Today it is entirely natural to think that every person in the world is endowed with certain rights, ones that transcend foreignness and apply absolutely universally. We call these “human rights,” and we take them entirely for granted: We believe earnestly that everyone is indiscriminately entitled to them at birth, that we must safeguard them at almost all costs, and that anyone who violates them must be put to justice. Such a line of thinking is so dominant—perhaps even culturally hegemonic, though in a good way, if that is possible—that we may even tend to assume that this has always been true, that is, everyone has always had such rights, that these rights always have and always will transcend time and space. Perhaps we must remind ourselves that this isn’t exactly true. These rights are still very new—and we must therefore take extra caution to care for them and safeguard them while they are still growing and developing.
In her provocative and seminal text Inventing Human Rights, Lynn Hunt argues that human rights had to be, well, invented. The crux of Hunt’s argument about the origins of human rights is that they “could only flourish when people learned to think of others as their equals, as like them in fundamental fashion.” In other words, humans haven’t always thought of each other as equals, and they had to learn to do so at a specific point in history. We like to think of the most horrifying parts of human history, things like slavery or colonialism, as people doing ‘wrong’ or ‘bad’ things—which they unquestionably were—but we tend to whitewash the fact that notions of natural inequality and even slavery are embedded in Western tradition all the way back to Aristotle, who famously claimed that some people were just innately suited to be slaves. It isn’t inherently part of human nature, Hunt implies, to imagine other beings as the same or equal.
If all this is true (and, granted, it might not be, but that’s for each of us to decide on her own), how did we learn to start thinking of each other as equals with innate human rights? Hunt argues that this only occurred in the 18th century as the consequence of a “sentimental revolution” in Europe. She looks specifically at novels, saying that the development and proliferation of a specific genre of books that centred on the psychology of an (often female) protagonist led people to read and empathize with others, even strangers, in ways they could not have before. This led to a bevy of changes in popular European society. Historical records show that individual, regular people became more polite and less violent, or in a word, what we would call more “civilized.” As these changes occurred, the human body itself came to be imagined in a new way, as something sacred and as something that should be protected from harm. All these cultural changes were necessary, Hunt claims, for a new conception of equality and human rights to emerge with the French Revolution. As we all now, it then took a long time for ideas of equality and fraternity to expand beyond its racist origins and envelop all people regardless of the color of their skin.
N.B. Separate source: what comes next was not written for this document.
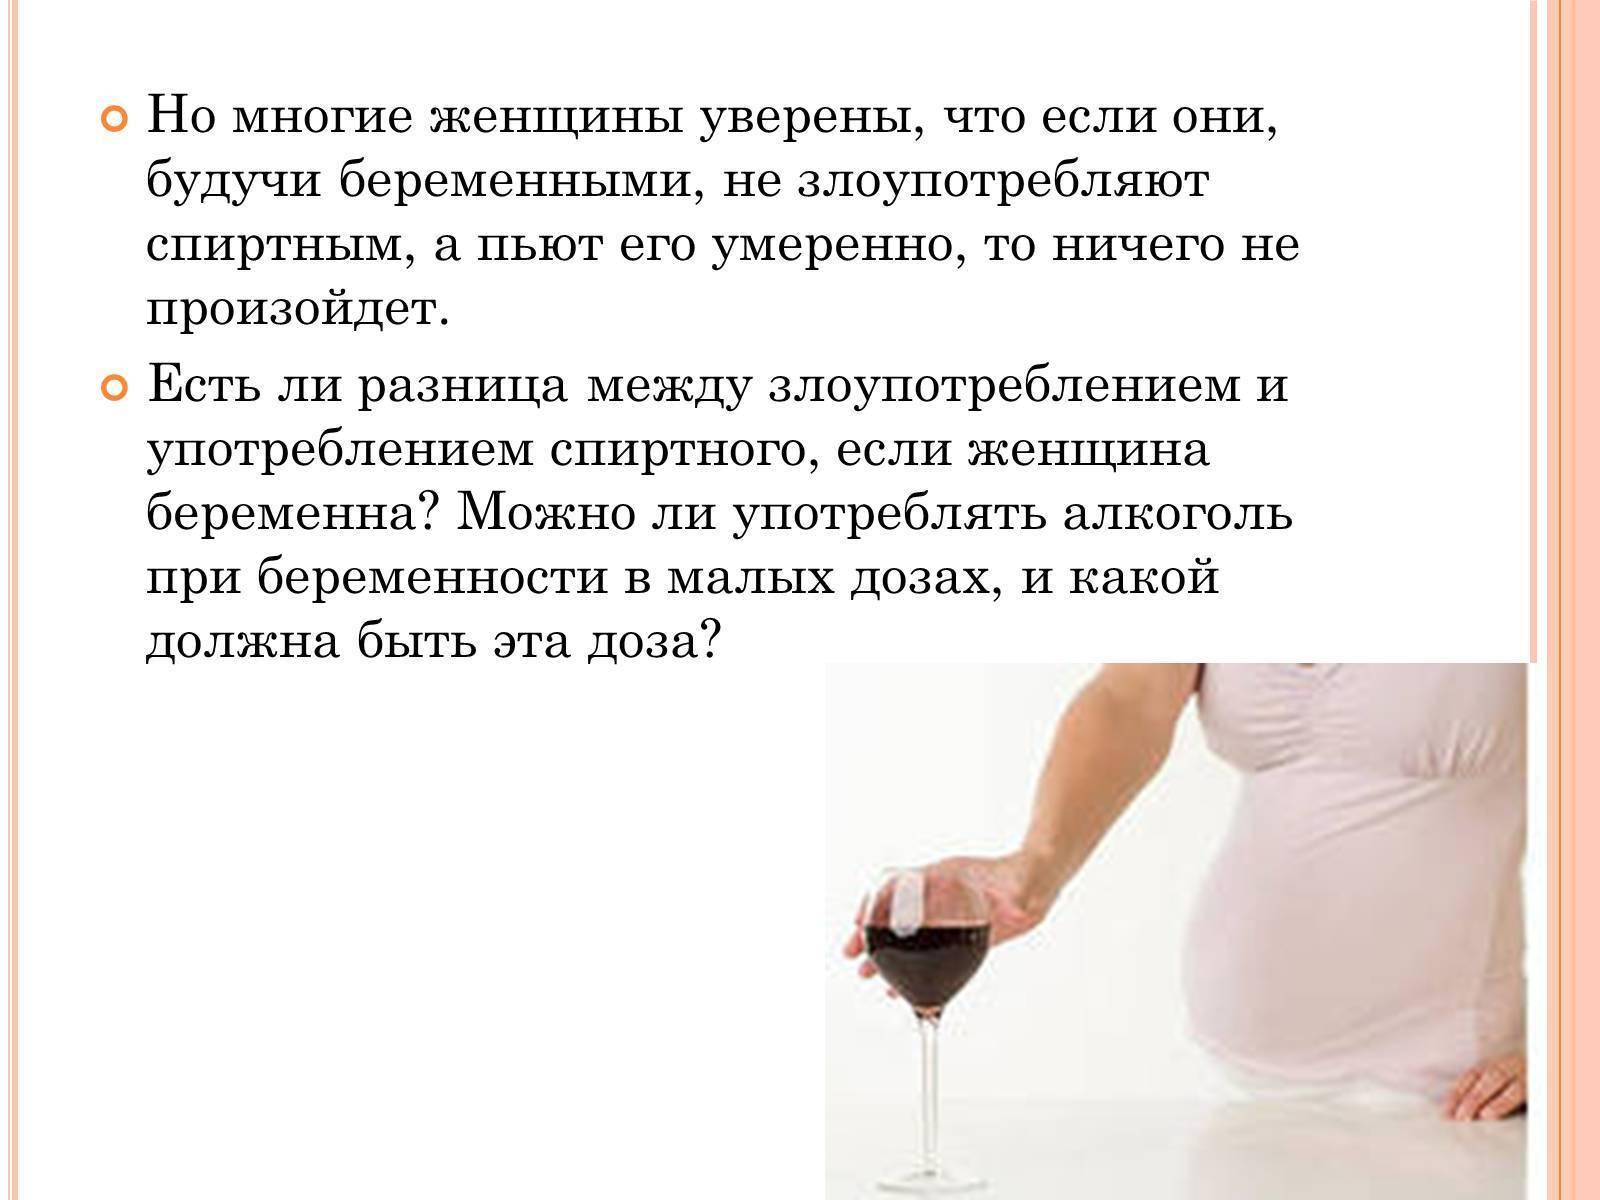 Алкоголь при беременности: если очень хочется, то можно?
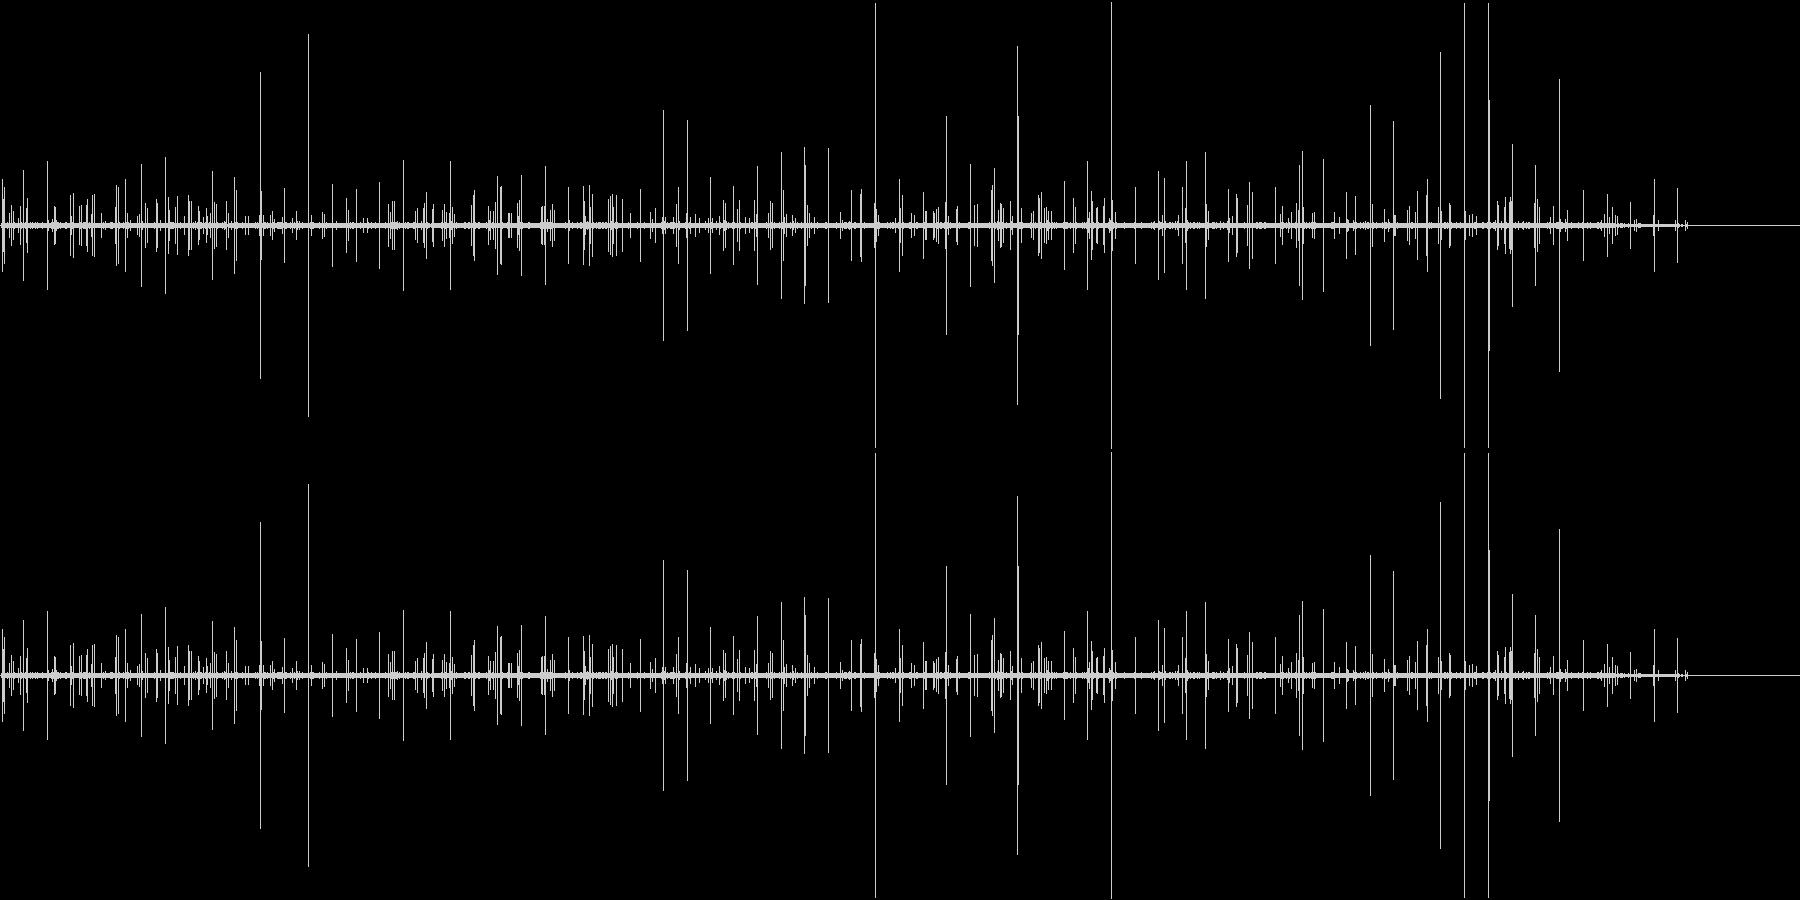 ぶちぶち(ノイズの音)の未再生の波形

That all this may be debatable is a point worth reiteration. Scholars disagree with Hunt on her claims: Drawing causation between reading novels and inventing human rights is a long shot, some may argue, and the chronology that Hunt lays out for the origins may be incorrect, others may insist. (I happen also to disagree with much of what Hunt says, but that is a separate discussion.)
What seems beyond dispute in Hunt’s argument, however, is that human rights aren’t something that have simply always been. Believing that other people are equal to us, that they have an identical human essence that entitles them to equal rights, is something people had to work on. The development of human rights necessarily had to be concomitant with the erosion of notions of foreignness. And all this, according to Hunt, occurred very recently. People haven’t always been thinking in terms of universal human rights. It’s a strictly modern phenomenon.
That makes sense, I think. We may have been able to imagine our neighbors as our equals in the past, but in order to conceive of an idea of human rights that is truly universal, or in order to think of something that transcends boundaries and is true regardless of any ostensible ‘foreignness,’ we needed to have a way to imagine or think about universality in the first place. We can only imagine this universality as a result of modern things like the telephone or the newspaper or now the Internet, which remind us all on a daily basis that we live not simply in a small town or city but in a large world with billions of people.
The ultimate moral of this for abolishing foreignness is that we must continually bear in mind how new and how precious the project of universal human rights and its concomitant abolition of foreignness is. This is a new, innovative project in human history, and if we want it to succeed, we need treat it like the young baby that it is. It is bound to stumble and fall as it works toward maturity, but when it stumbles and falls, we need to give it the resources and opportunities it needs to get back on its feet. And we should treat it with care and love and hope, excited to have the opportunity to know it in these, its earliest years.